– Moi piłkarze wykonali niesamowitą robotę. W pełni zasłużyli na to, żeby dziś świętować – mówił trener ŁKS-u, Kazimierz Moskal na konferencji prasowej po meczu, który zapewnił jego zespołowi upragniony awans do Ekstraklasy.
– Dziękuję moim zawodnikom, którzy wykonali niesamowitą robotę – nie mówię tylko o dzisiejszym meczu, a o całym sezonie, w którym wielokrotnie mieliśmy trudne momenty. Dzielnie je znieśli i w pełni zasłużyli na to, żeby dziś świętować. Gorąco dziękuję też kibicom, którzy zawsze nas wspierali i byli z nami do końca – nie tylko dziś, ale od pierwszego meczu w tym sezonie – podkreślił trener łódzkiego zespołu.

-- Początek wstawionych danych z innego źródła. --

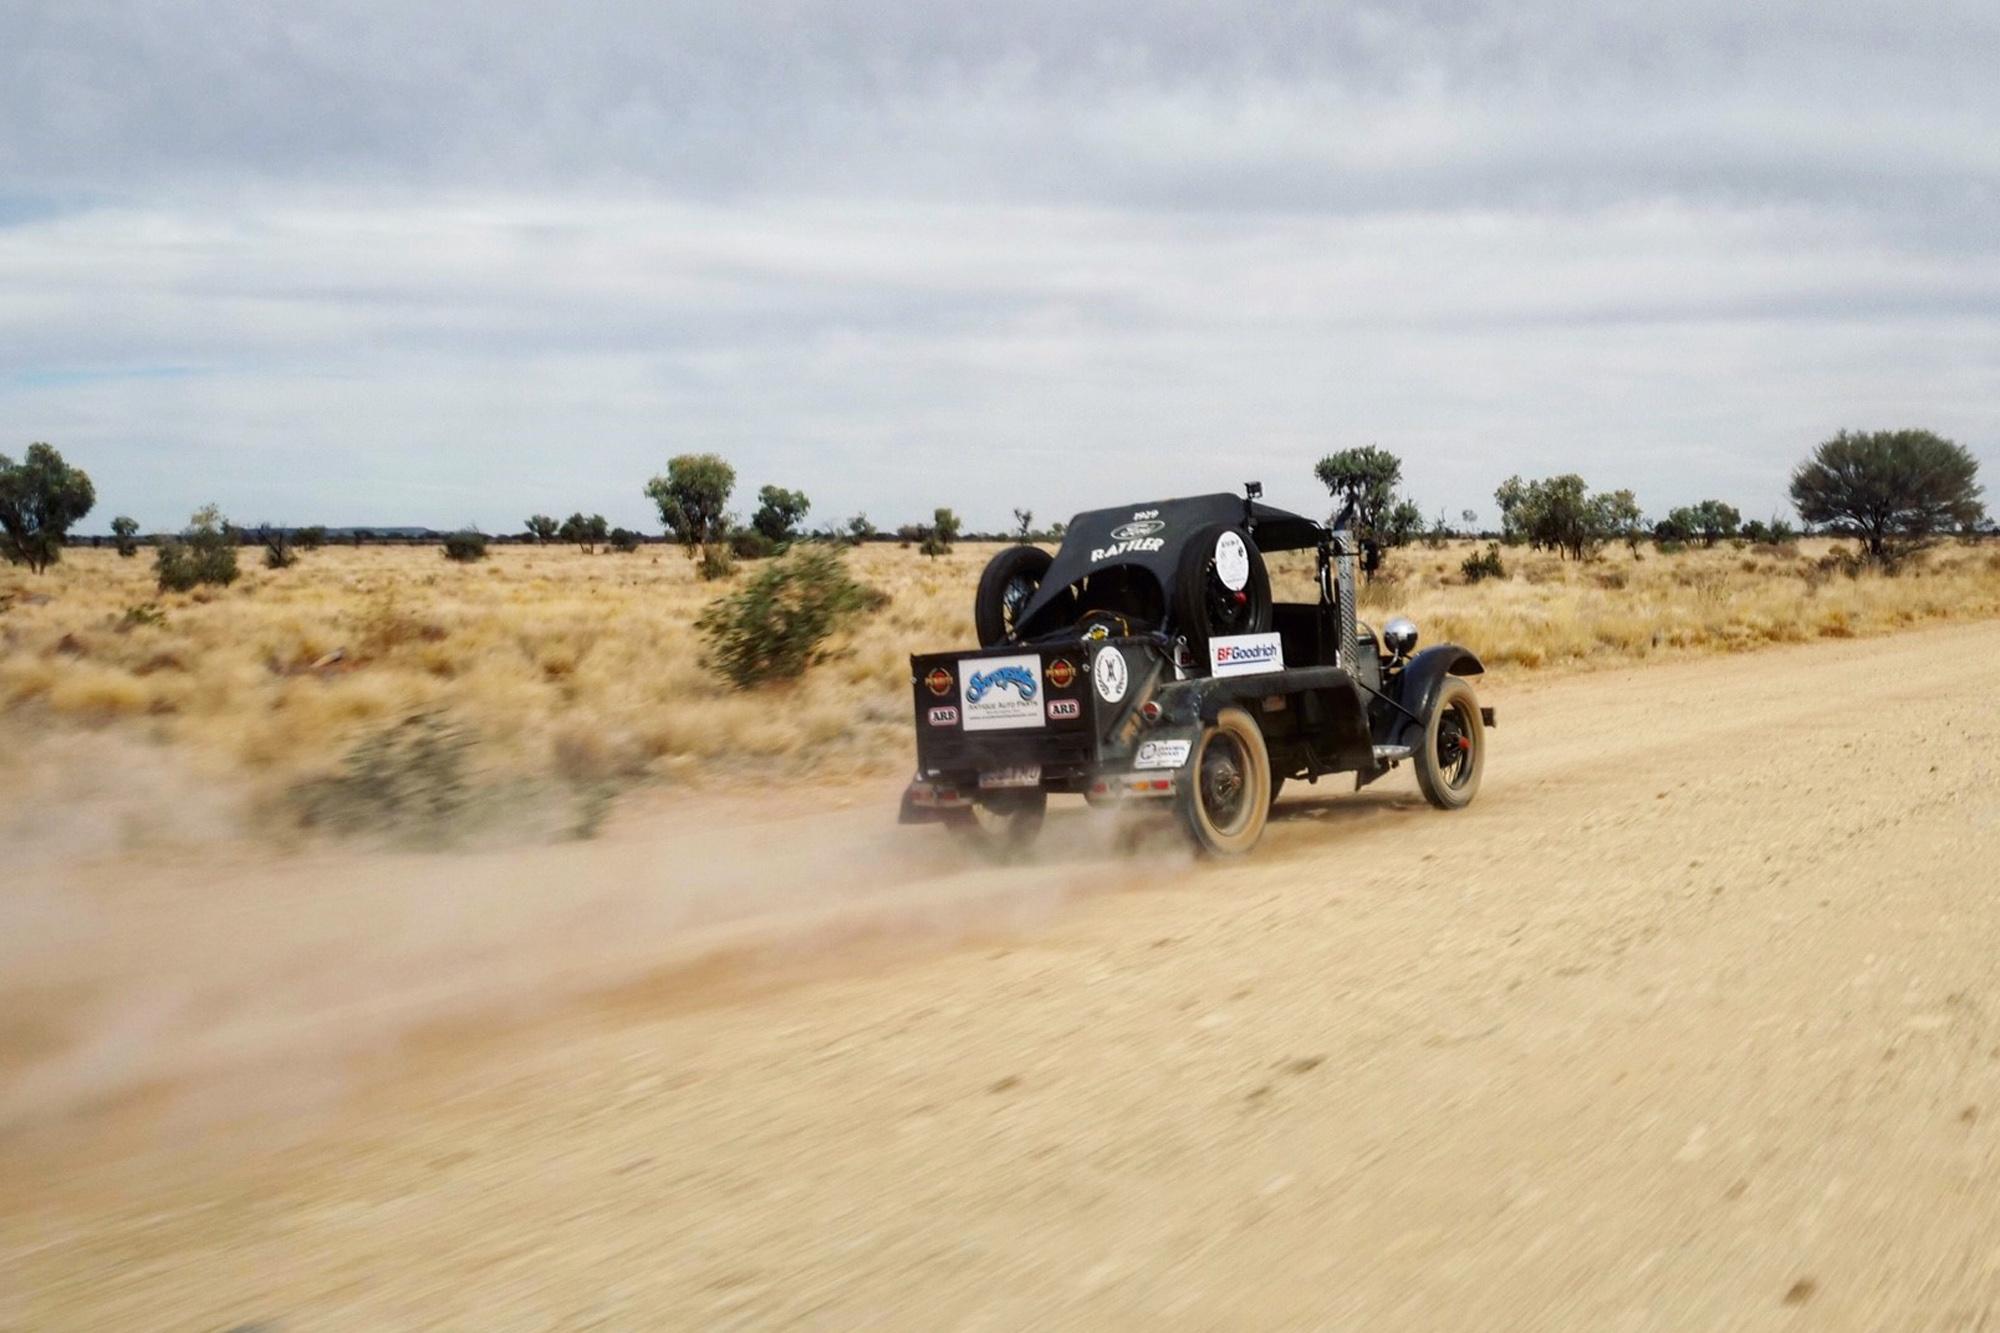 Vehicle speeding along dirt road in Australia

Moskal nie krył, że mecz nie przebiegał po jego myśli. – Nie udało się wygrać, choć z takim założeniem tu przyjechaliśmy. To nie był nasz wielki mecz. Pierwsza połowa przebiegła zdecydowanie pod dyktando Arki. Po przerwie nasza gra wyglądała inaczej, coś zaczęło się dziać pod polem karnym naszych rywali. W kluczowym momencie Mateusz Kowalczyk potrafił znaleźć się we właściwym miejscu o odpowiednim czasie i wykorzystać swoją sytuację, drugi młody piłkarz, Olek Bobek wybronił rzut karny. Obaj przeszli dziś niezły egzamin. Bardzo cieszy mnie, że wzięli na swoje barki ciężar tego meczu – powiedział szkoleniowiec Biało-Czerwono-Białych.